Nuclear factor-kappa-B-inhibitor alpha (NFKBIA) is a developmental marker of NF-kappa B/p65 activation during in vitro oocyte maturation and early embryogenesis

METHODS AND RESULTS: We found a dynamic correlation between NFKBIA transcript, expression of I kappa B alpha-protein and activation of NF-kappa B/p65 in bovine oocyte and embryo. During the transition from immature to in vitro matured bovine oocyte, we observed a decrease in maternal NFKBIA mRNA and a parallel increase of the I kappa B alpha-protein (both P < 0.05). In the embryo, NFKBIA neo-synthesis is activated as a consequence of embryo genome activation (EGA), and IkBa decreases. NF-kappa B/p65-binding activity was detectable at low levels in immature oocyte, disappeared in dormant metaphase II oocyte and was strong in the embryo, during embryonic NFKBIA synthesis. The level of NF-kappa B/p65 DNA binding correlates with the timing of meiotic silencing during bovine oocyte maturation and embryonic transcription reprogramming.
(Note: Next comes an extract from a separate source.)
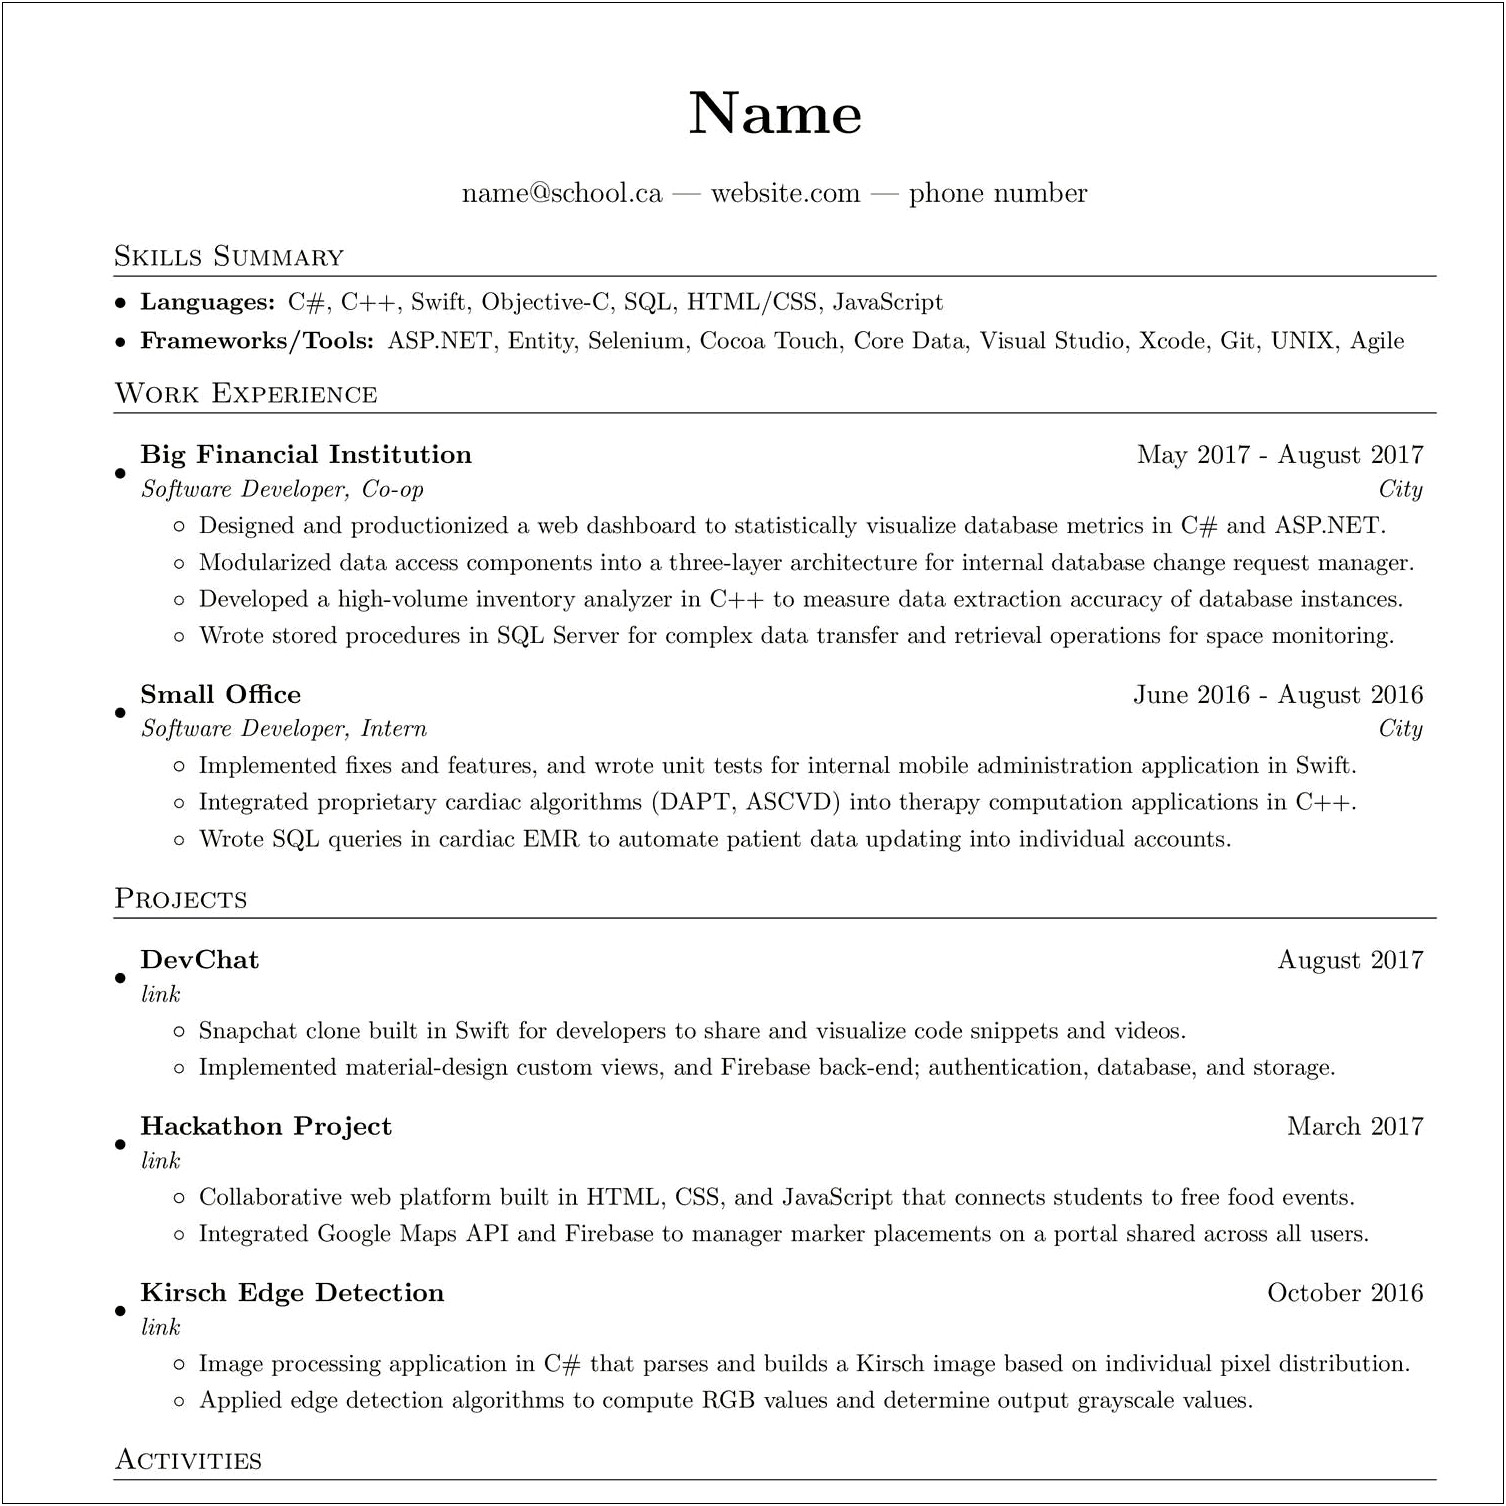 Coding Projects That Look Good On Resumes Reddit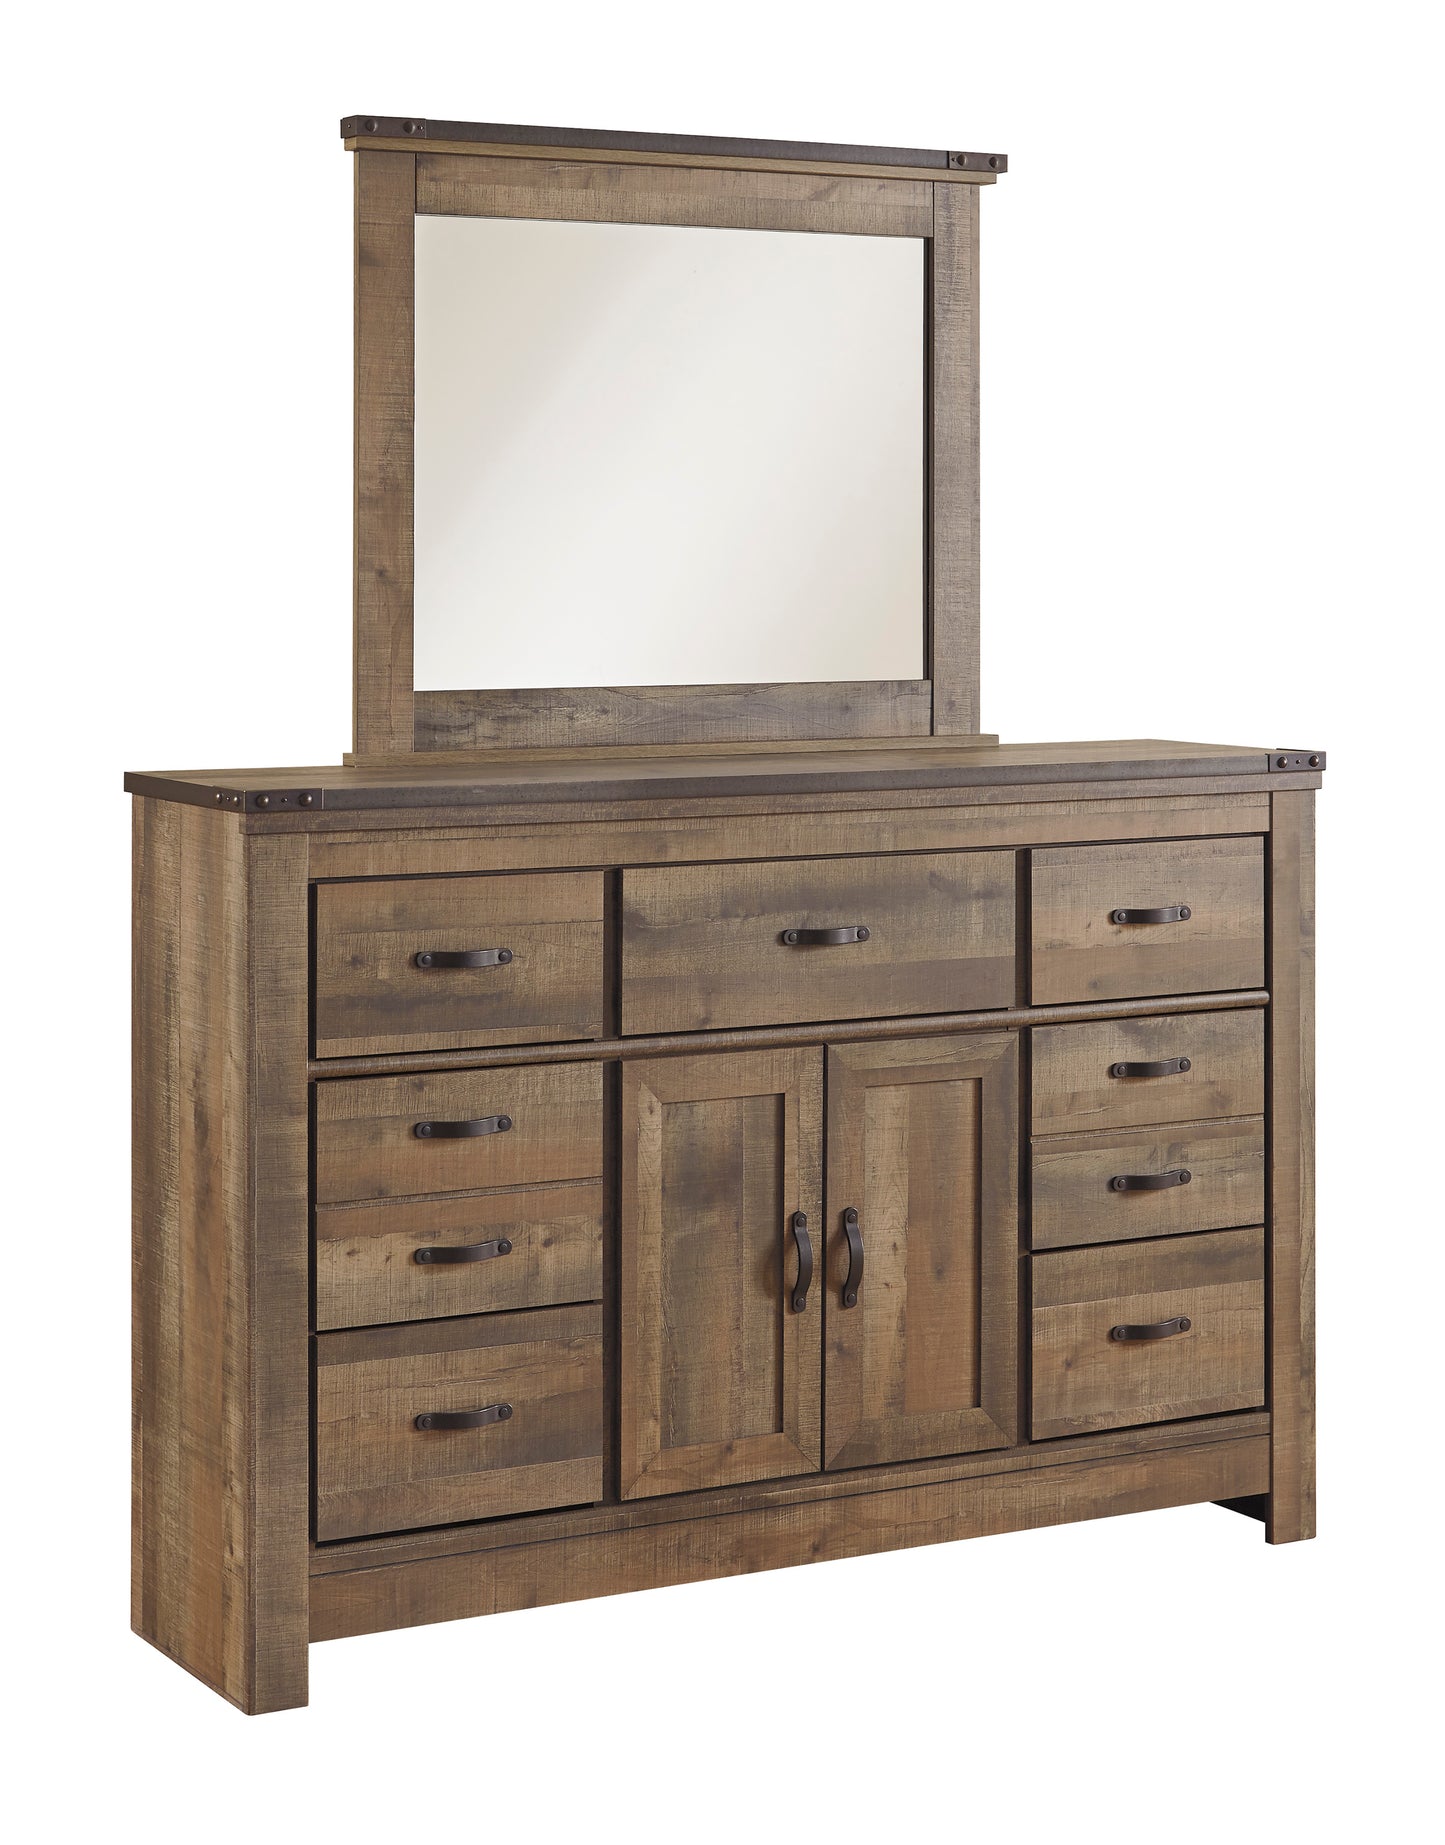 Ashley Trinell 6PC Bedroom Set E King Panel Bed Two Nightstand Dresser Mirror Chest in Brown

BACKGROUND: The oocyte-to-embryo transition (OET) requires a co-ordinated transcriptional programme acting through evolutionarily conserved events, and transcription factors (TFs) are known to control these processes. Here, we focus on nuclear factor (NF)-kappa B, a TF involved in several cellular processes, studying NF kappa B-inhibitor (NFKBIA) mRNA and its protein product, I kappa B alpha, during OET. NFKBIA and IkBa are part of a regulatory loop, as IkBa is the major down-regulator of NF-kappa B activation while NFKBIA transcription is activated by NF-kappa B.